PhiloLogic using other encoding schemes

Currently PhiloLogic is known to run coherently on databases encoded using the following schemes:

  • MEP - The Model Editions Partnership (Example: The Sanger Archive in our Sample Databases)
  • CES - Corpus Encoding Standard (Example: BBC Urdu Sample - Restricted access)
  • ATE - ARTFL Text Encoding (Examples forthcoming). This is HTML, Dublin Core and optional extensions for pages, notes, sentences, and the like. We specify a small subset of HTML that we will actually do something with and need proper use of <h1-N tags for loading. PhiloLogic is known to load arbitrary HTML, but your mileage may vary. To load ATE and documents that look like ATE: philoload DBNAME texttype=ate and set TextType in philo-db.cfg to ate.

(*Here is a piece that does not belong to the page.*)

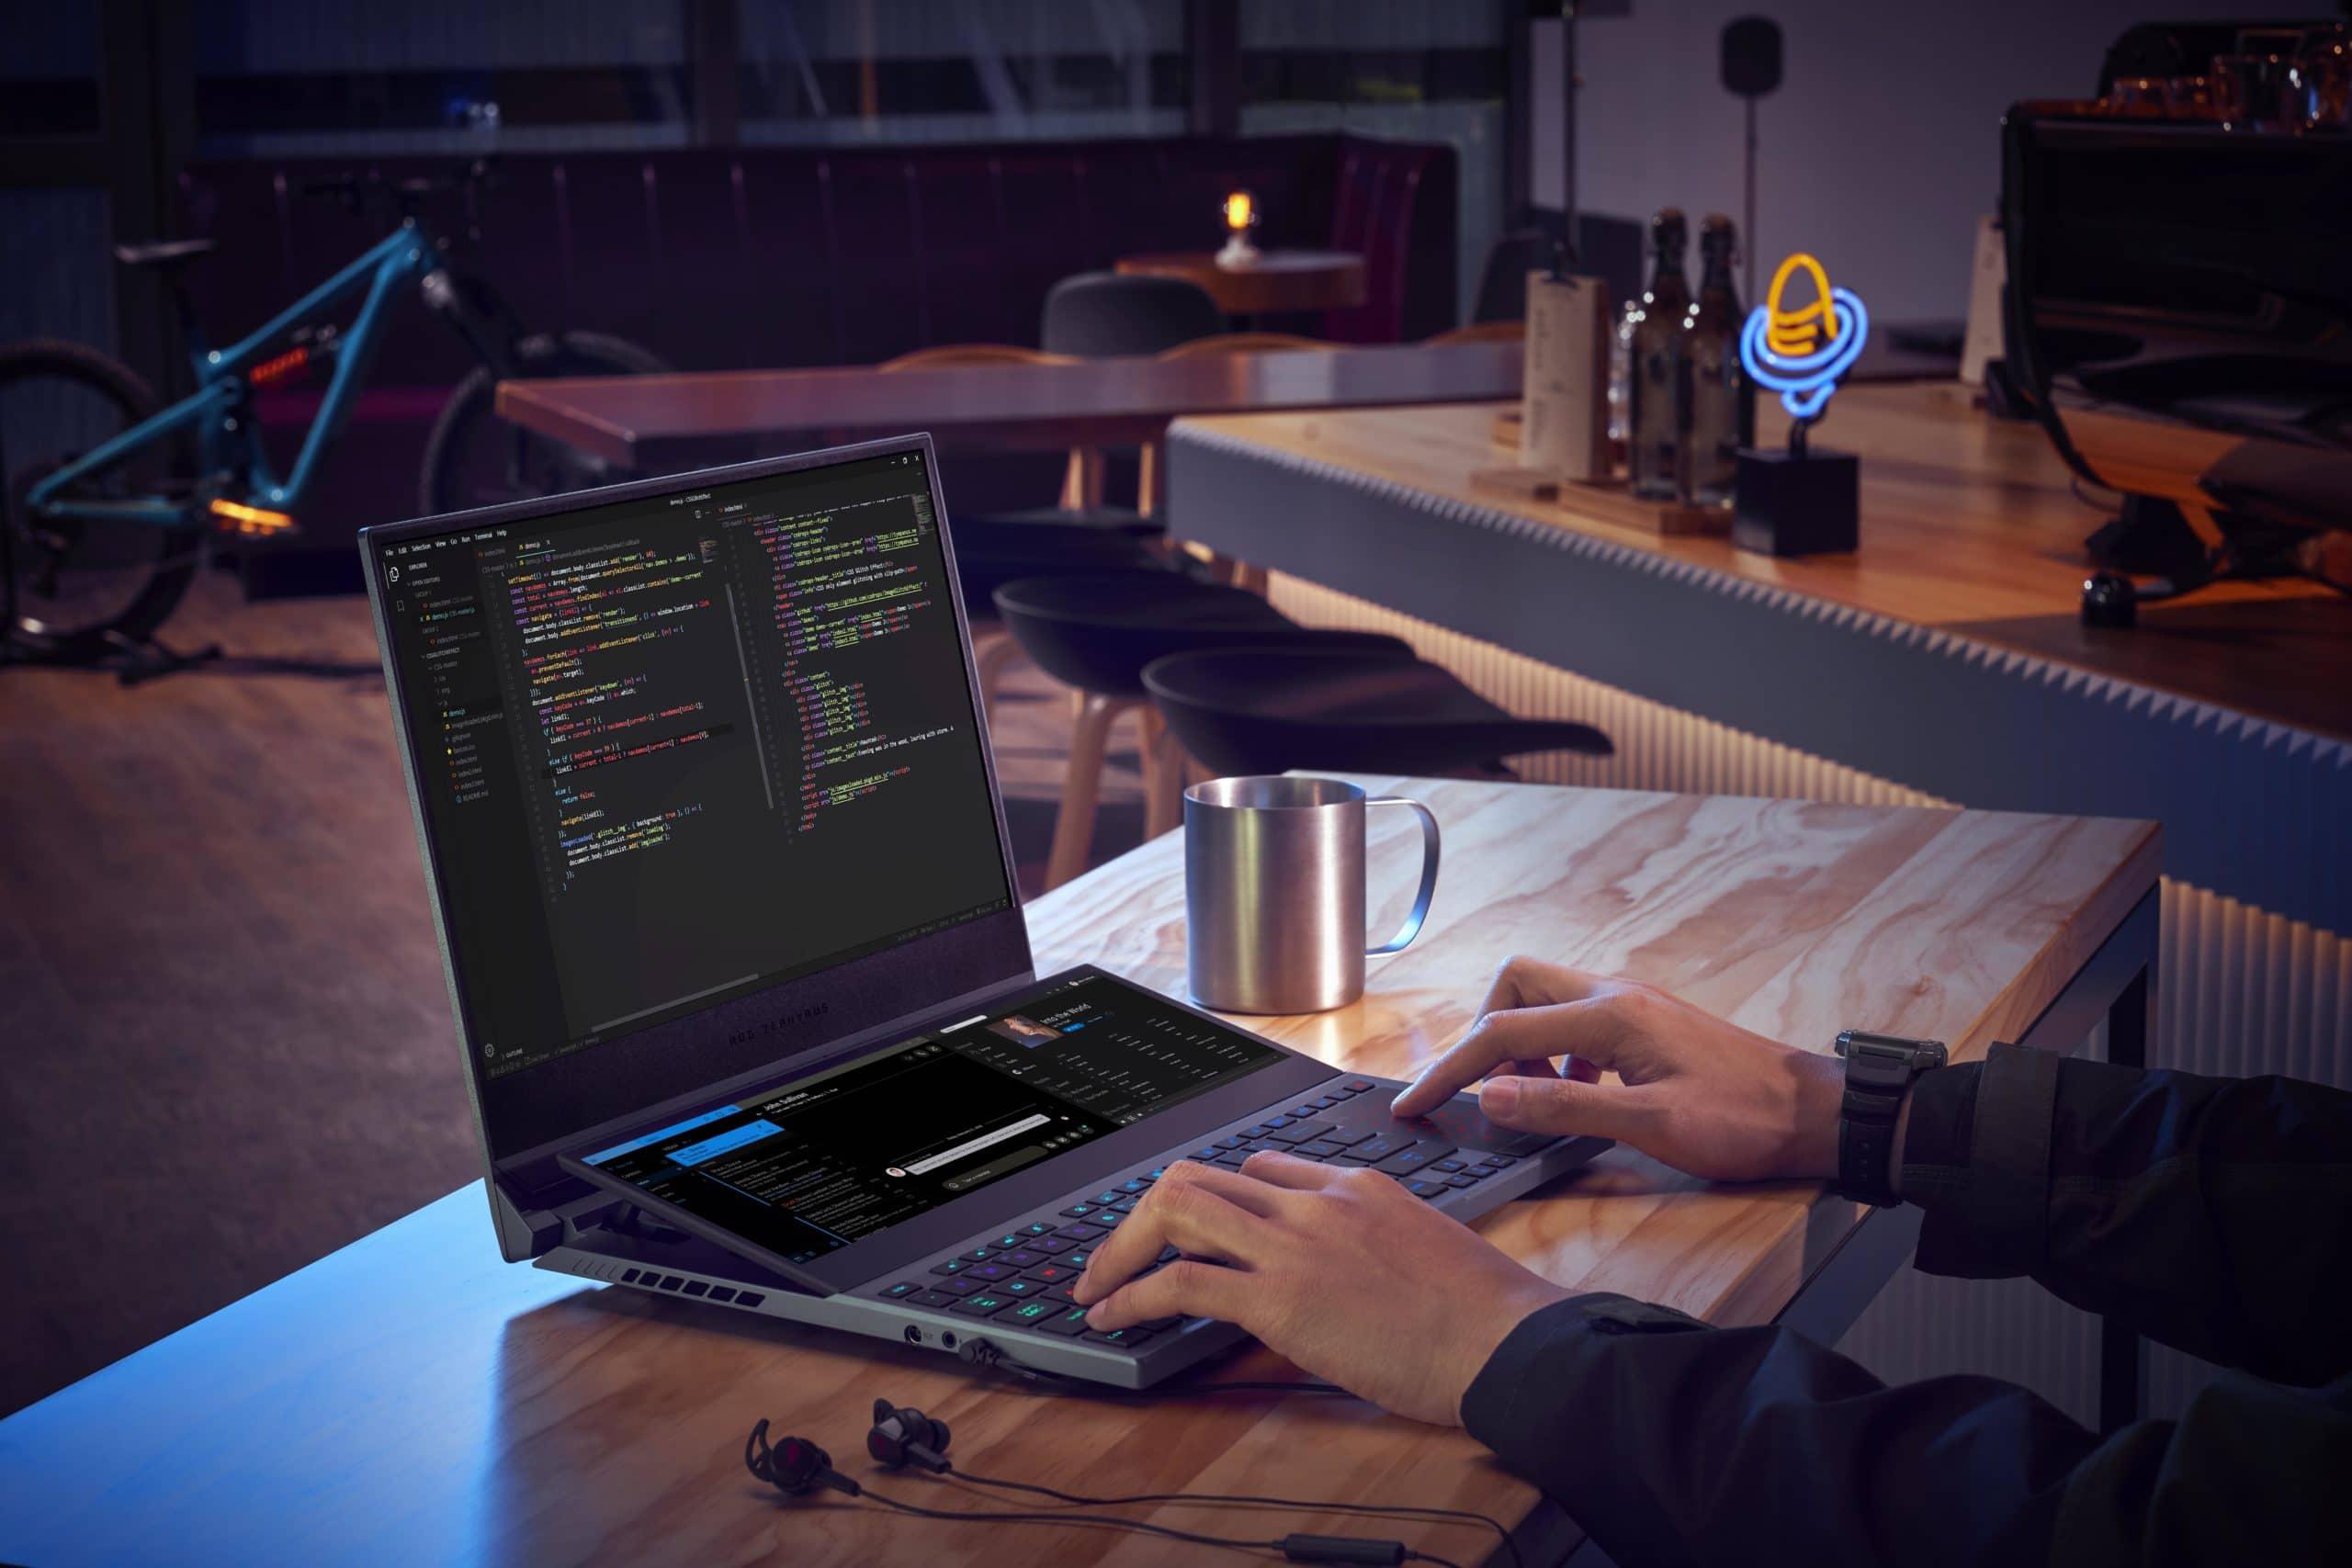 ROG Zephyrus Duo 15: Zwei Bildschirme, mehr Produktivität?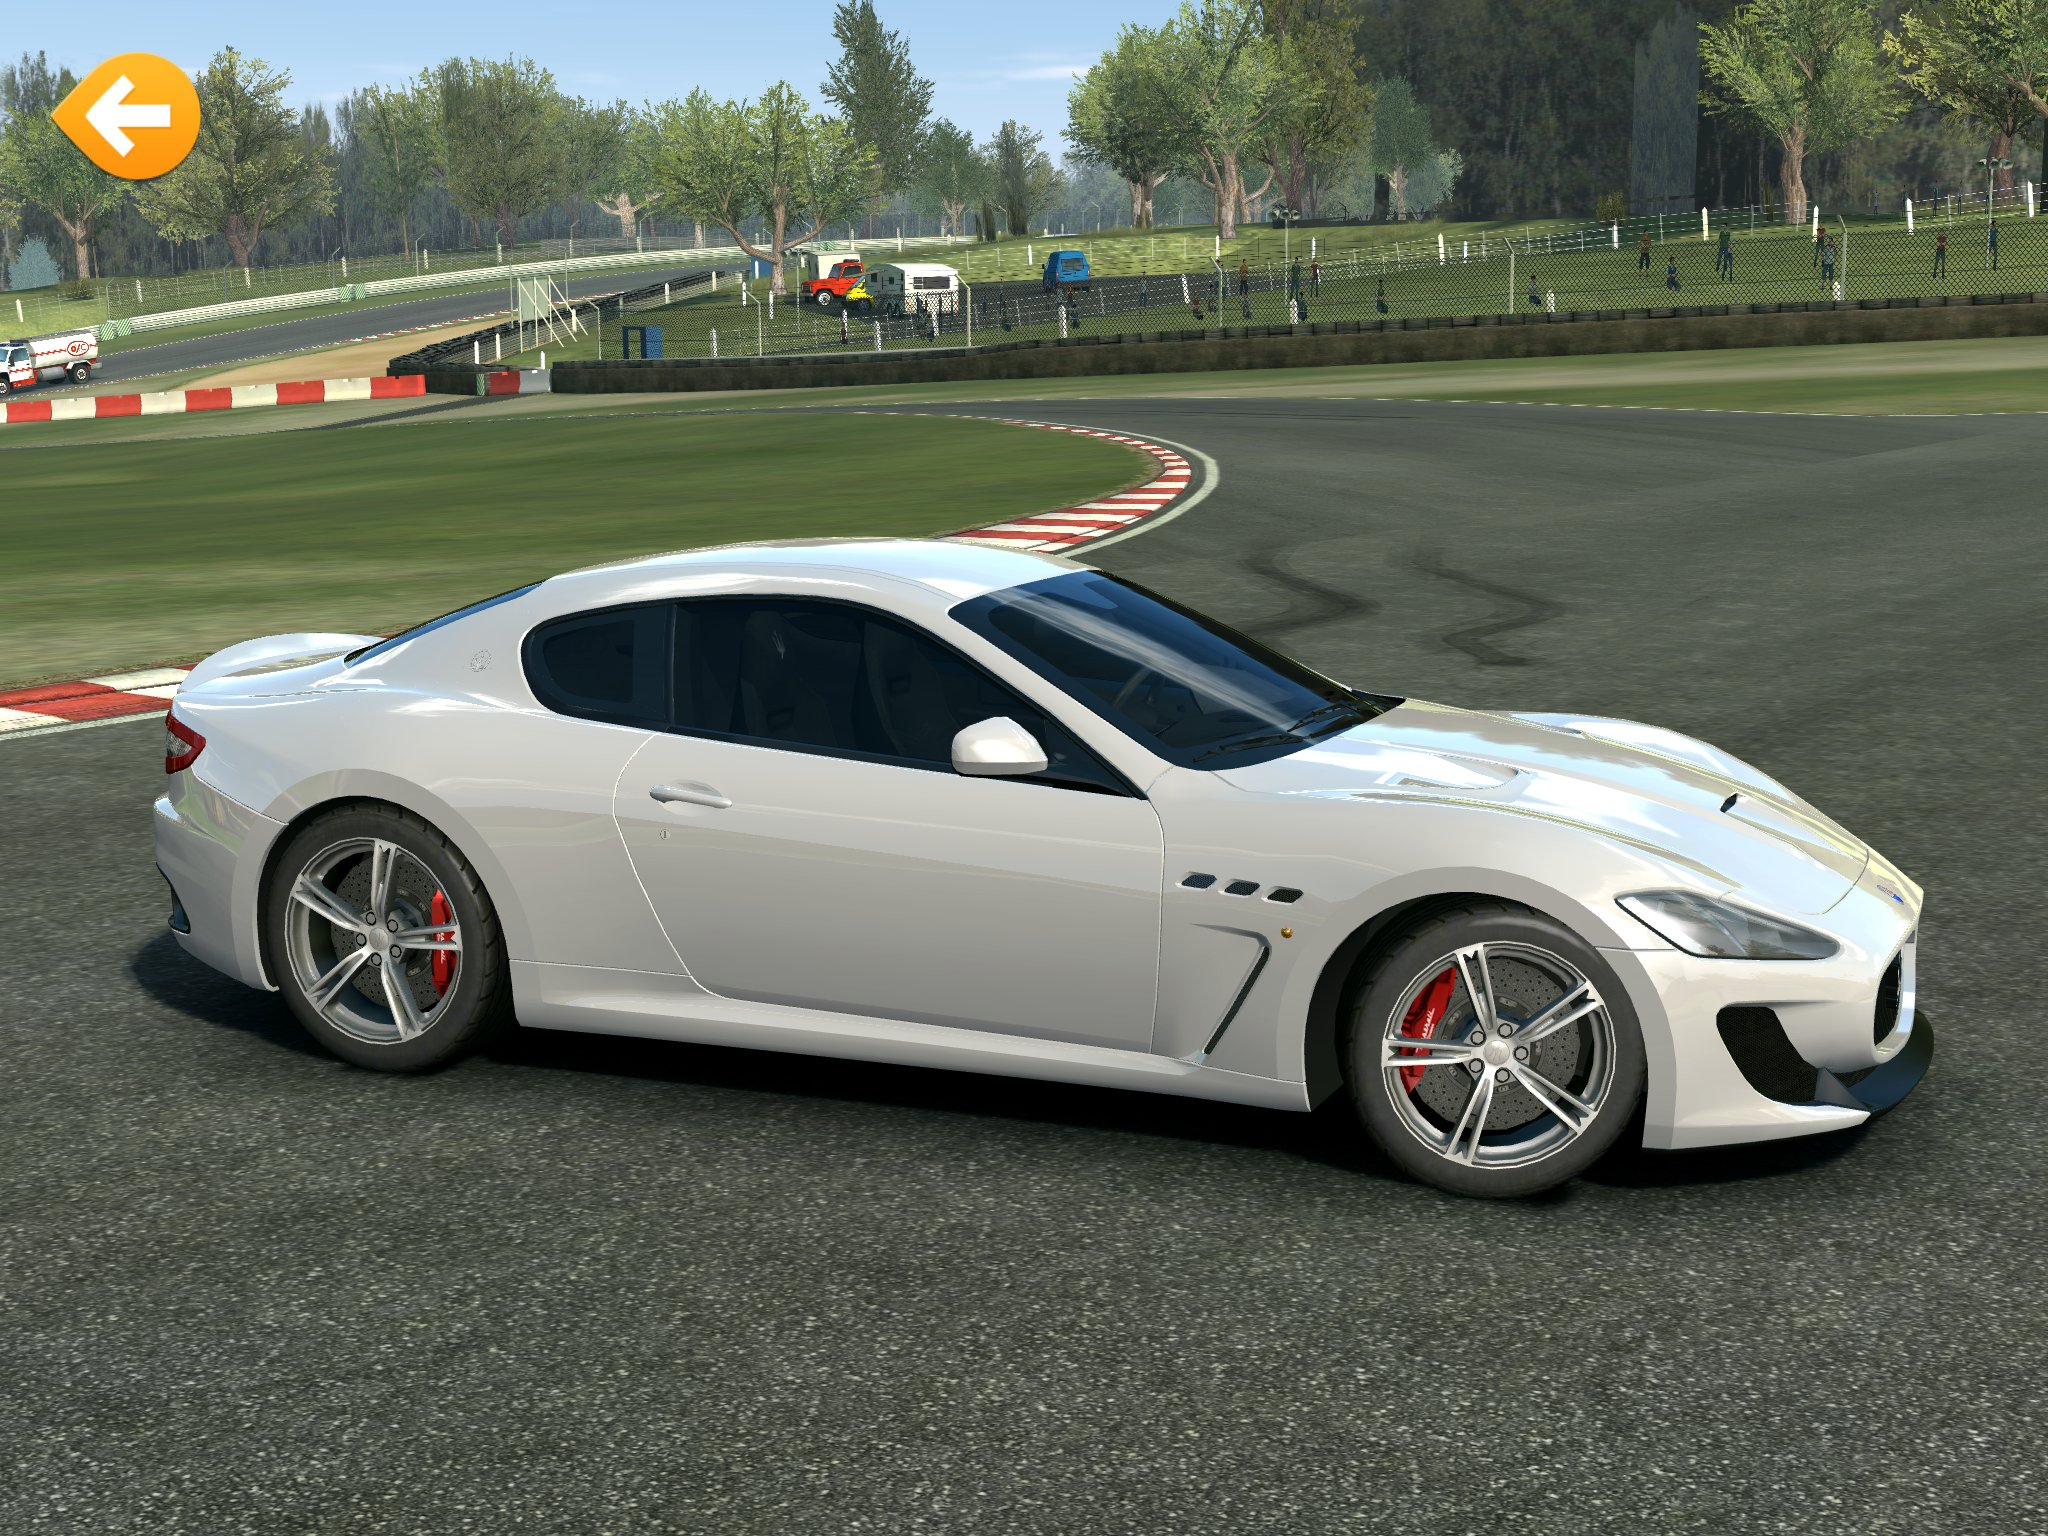 39 real racing 3 39 gets new maserati cars and the ferrari laferrari toucharcade. Black Bedroom Furniture Sets. Home Design Ideas

  • DocBook. Proof of concept only. We loaded the only three samples of literary texts we are able to find. The loader and system could easily be exapnded to handle most of DocBook if there is demand. Not sure that text analysis of the primary use of DocBook, technical documentation, is all that worthwhile. Load and configure with texttype=docbook
  • Plaintext. Tested on Gutenberg (plaintext) and Liberliber documents. Important caveat: input data files MUST be converted to UTF-8 before loading. Load and configure with texttype=plaintext. The loader will try to identify paragraphs, Gutenberg headers and trailers (available but not indexed for searching), "chunkify" the document into reasonable portions, and extract Author/Title info from Gutenberg files.